Information Lifecycle Managment (ILM) via GPFS policy engine

The GPFS policy engine is well described in this white paper. A good presentation overview of the policy file is here. The relavent documentation is available from IBM.

This project focuses on scheduled execution of lifecyle policies to gather and process data about file system objects and issue actions against those objects based on policy.

Running a policy

A policy is executed in the context of a SLURM batch job reservation using the submit-pol-job script:

submit-pol-job <outdir> <policy> <nodecount> <corespernode> <ram> <partition> <time>

Where the positional arguments are:

  • outdir - the directory for the output files, should be global to cluster (e.g. /scratch of the user running the job)
  • policy - path to the GPFS policy to execute (e.g. in ./policy directory)
  • nodecount - number of nodes in the cluster that will run the policy
  • corespernode - number of cores on each node to reserve
  • ram - ram per core, can use "G" for gigabytes
  • partition - the partition to submit the job
  • time - the time in minutes to reserve for the job

Note: the resource reservation is imperfect. The job wrapper calls a script run-mmpol.sh which is responsible for executing the mmapplypolicy command.

The command is aligned to run on specific nodes by way of arguments to mmapplypolicy. The command is technically not run inside of the job reservation so the resource constraints are imperfect. The goal is to use the scheduler to ensure the policy run does not conflict with existing resource allocations on the cluster.

Running the policy "list-policy-external"

The list-policy-external policy provides an efficient tool to gather file stat data into a URL-encoded ASCII text file. The output file can then be processed by down-stream to create reports on storage patterns and use.

An example invocation would be:

submit-pol-job /path/to/output/dir \
     /absolute/path/policy/list-path-external \
	 4 24 4G partition_name \
	 /path/to/listed/dir \
	 180

Some things to keep in mind:

  • the submit-pol-job script may need a ./ prefix if it is not in your path.
  • use absolute paths for all directory arguments to avoid potential confusion
  • make sure the output dir has sufficient space to hold the resulting file listing (It could be 100's of Gigabytes for a large collection of files.)
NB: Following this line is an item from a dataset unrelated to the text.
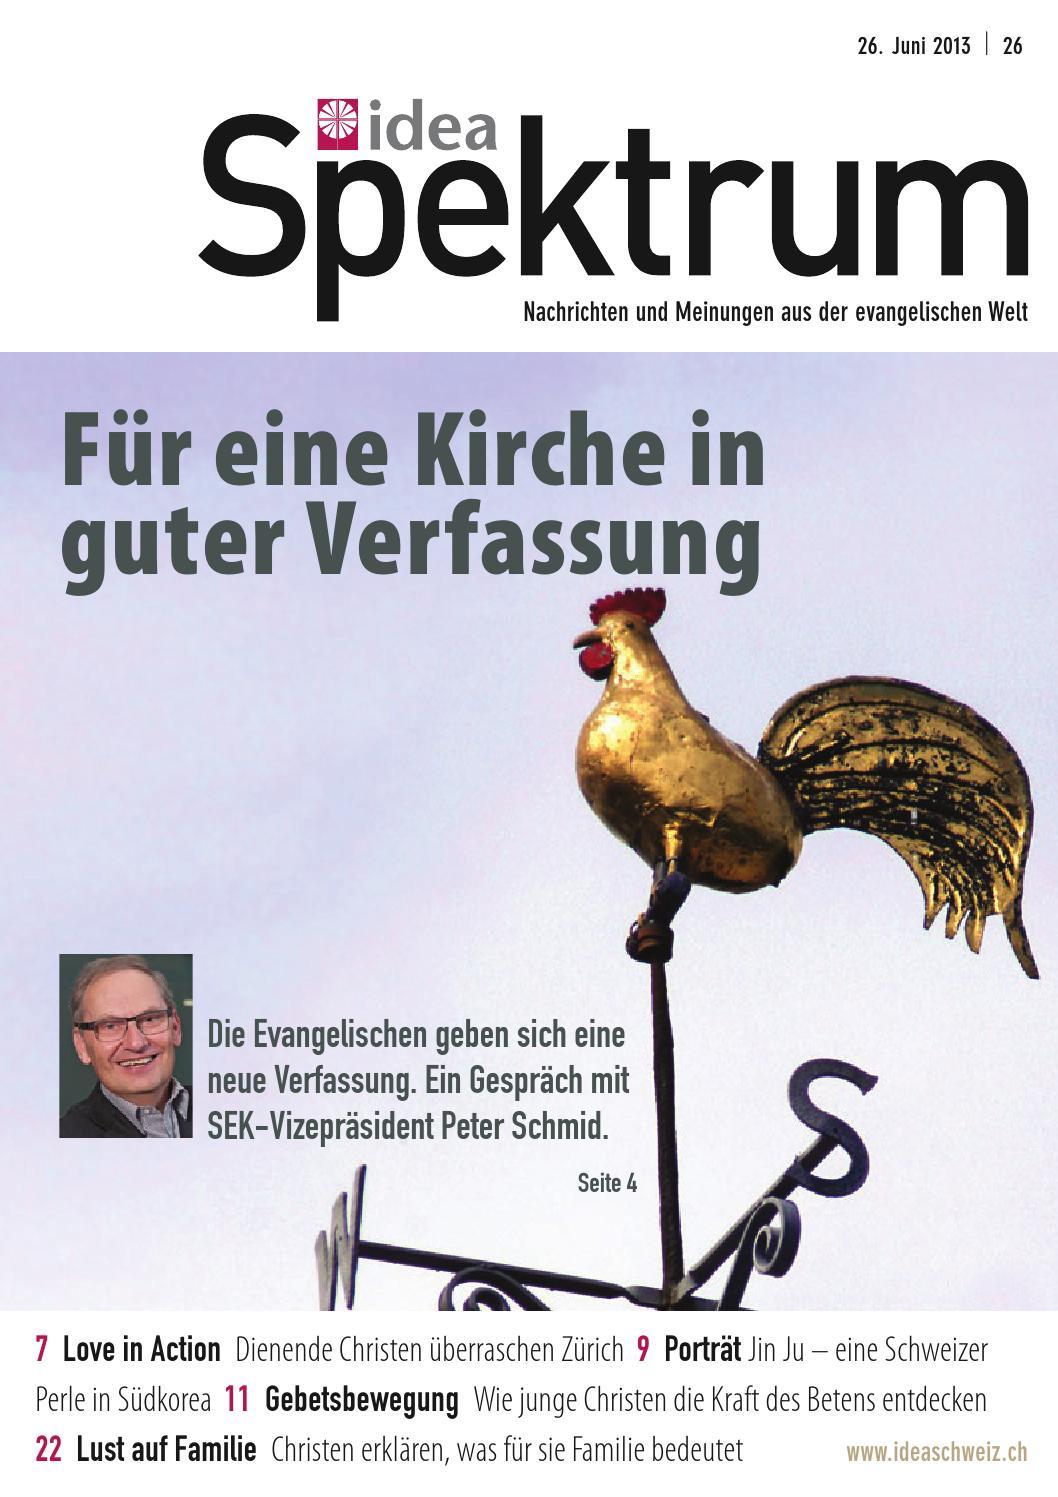 Christliche Partnersuche bubble-sheet.com - gratis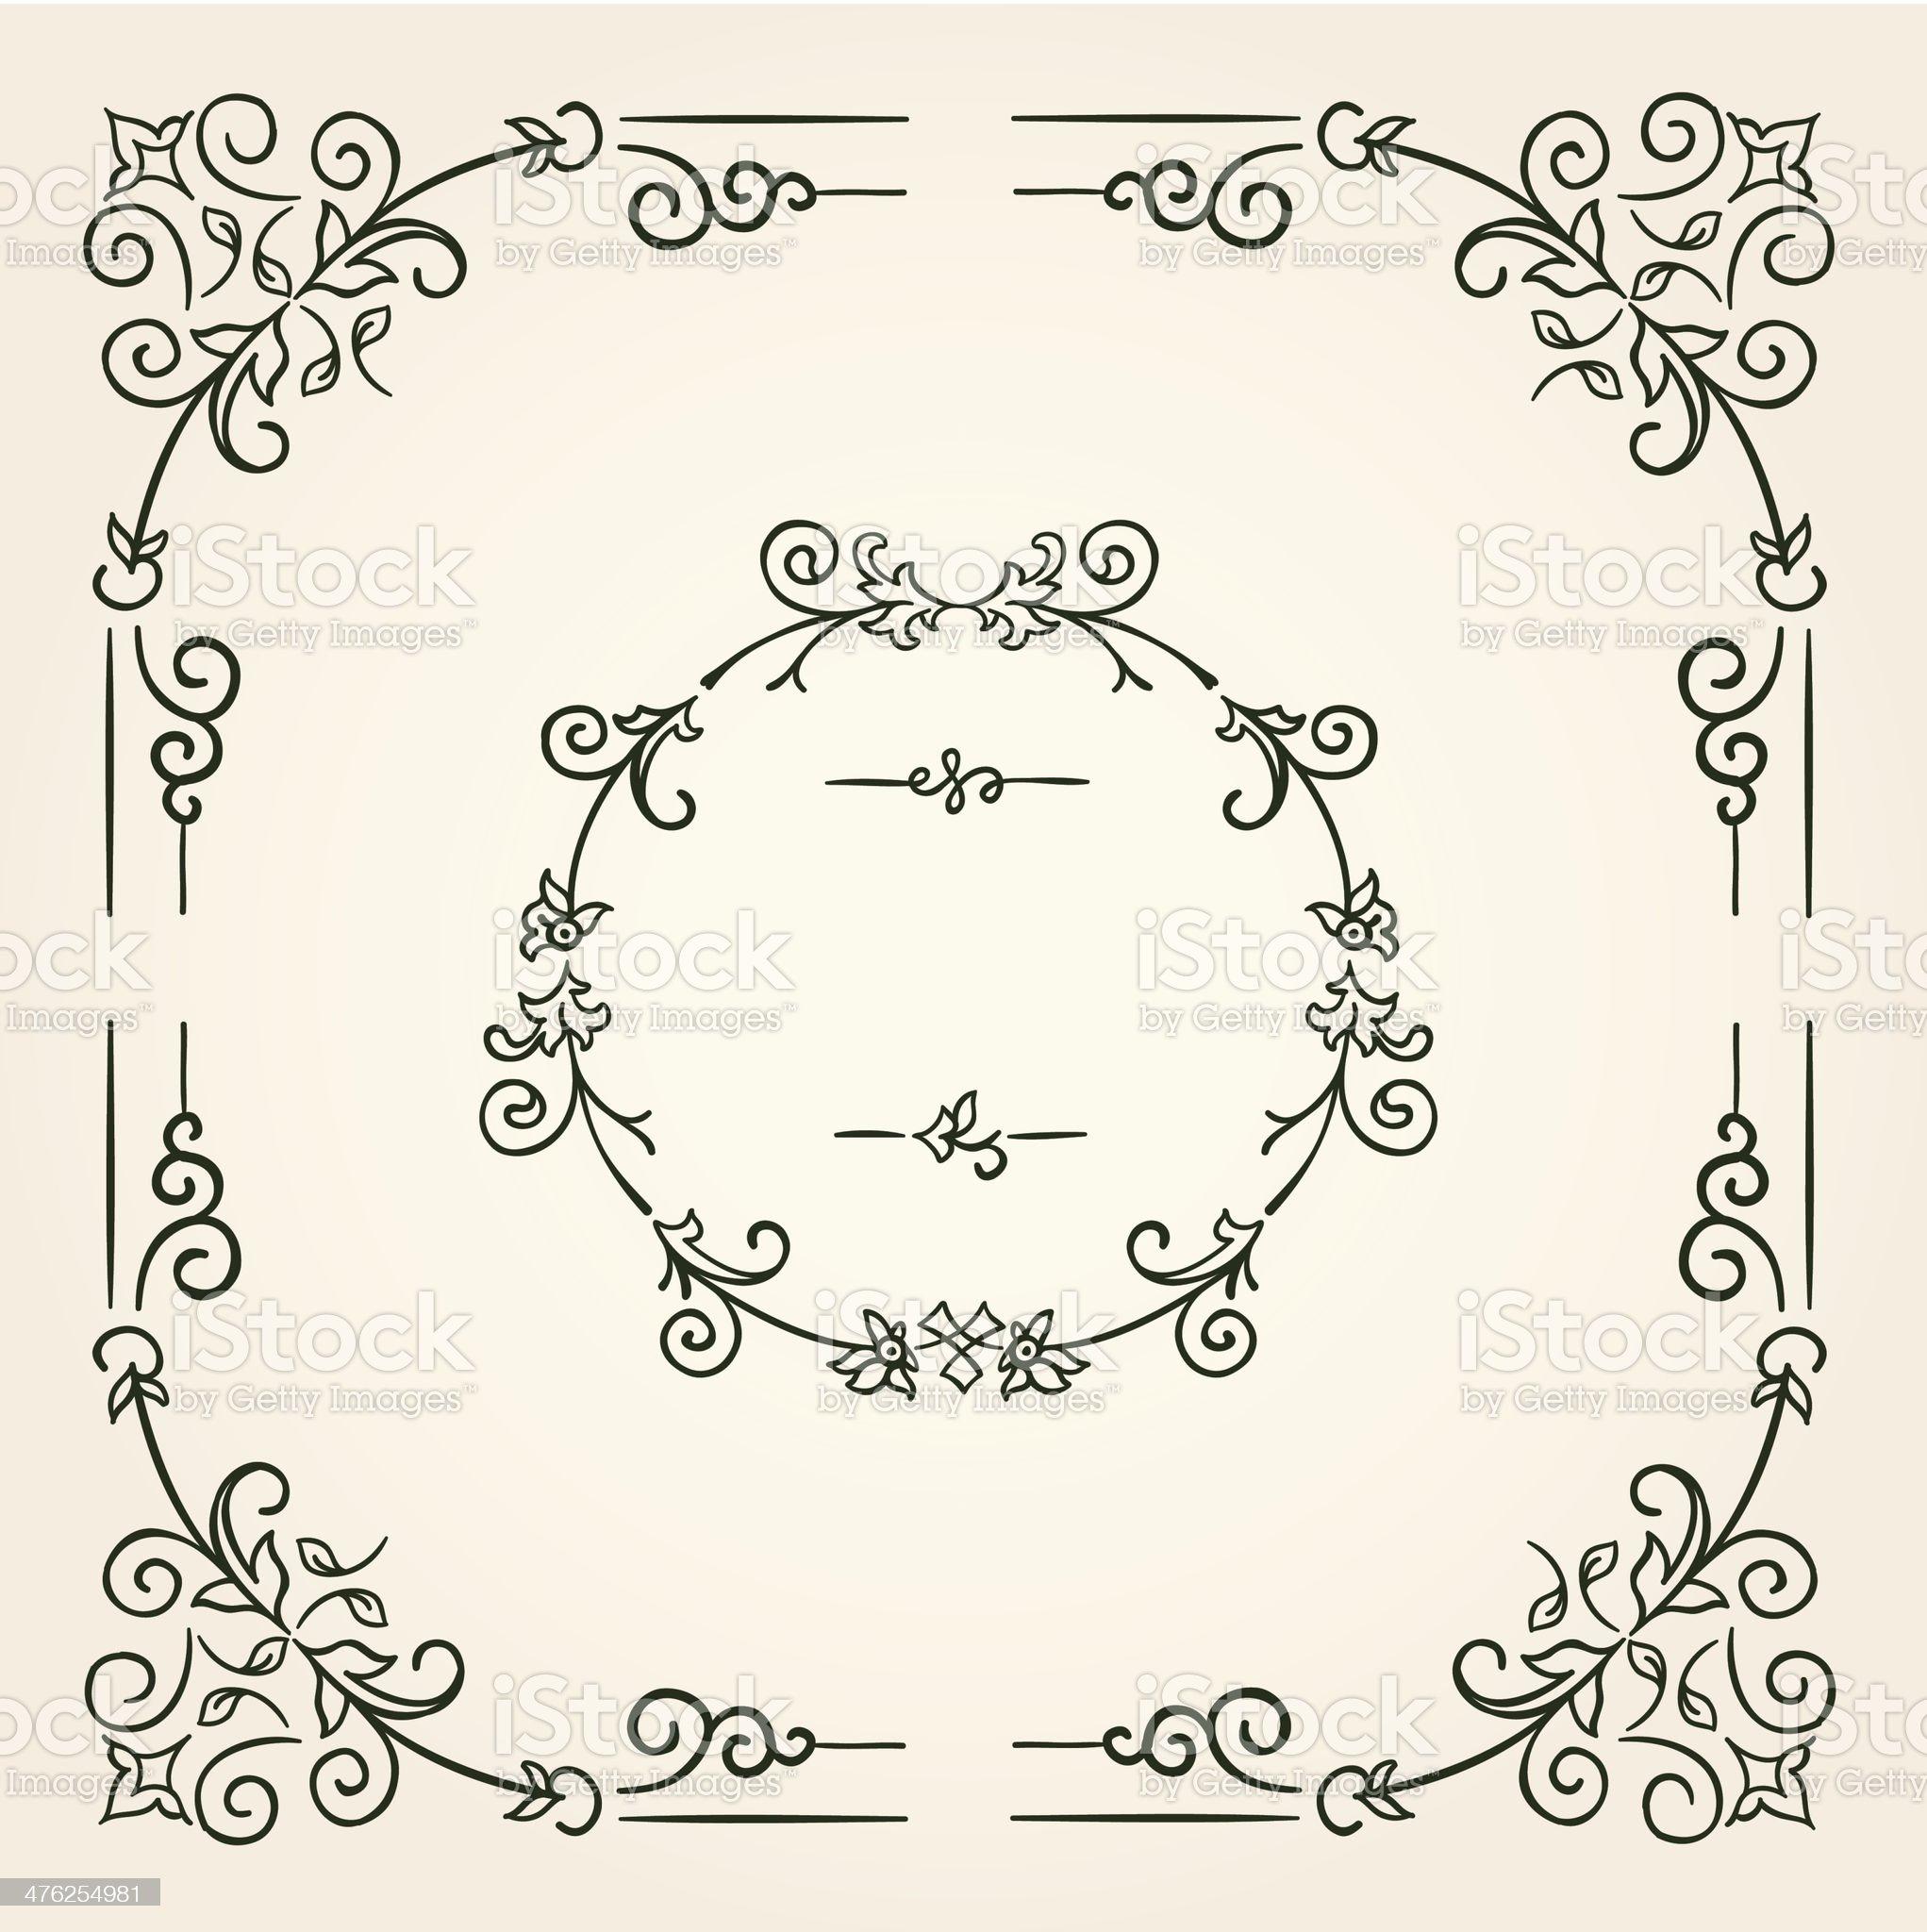 Ornamental vintage rectangular border frame royalty-free stock vector art

The slurm job output file will be local to the directory from which this command executed. It can be watched to observe progress in the generation of the file list. A listing of 100's of millions of files may take a couple of hours to generate and consume serveral hundred gigabytes for the output file.

The output file in /path/to/output/dir is named as follows

  • a prefix of "list-${SLURM_JOBID}"
  • ".list" for the name of the policy rule type of "list"
  • a tag for the list name name defined in the policy file, "list-gather" for list-path-external policy

The output file contains one line per file object stored under the /path/to/listed/dir. No directories or non-file objects are included in this listing. Each entry is a space-seperated set of file attributes selected by the SHOW command in the LIST rule. Entries are encoded according to RFC3986 URI percent encoding. This means all spaces and special characters will be encoded, making it easy to split lines into fields using the space separator.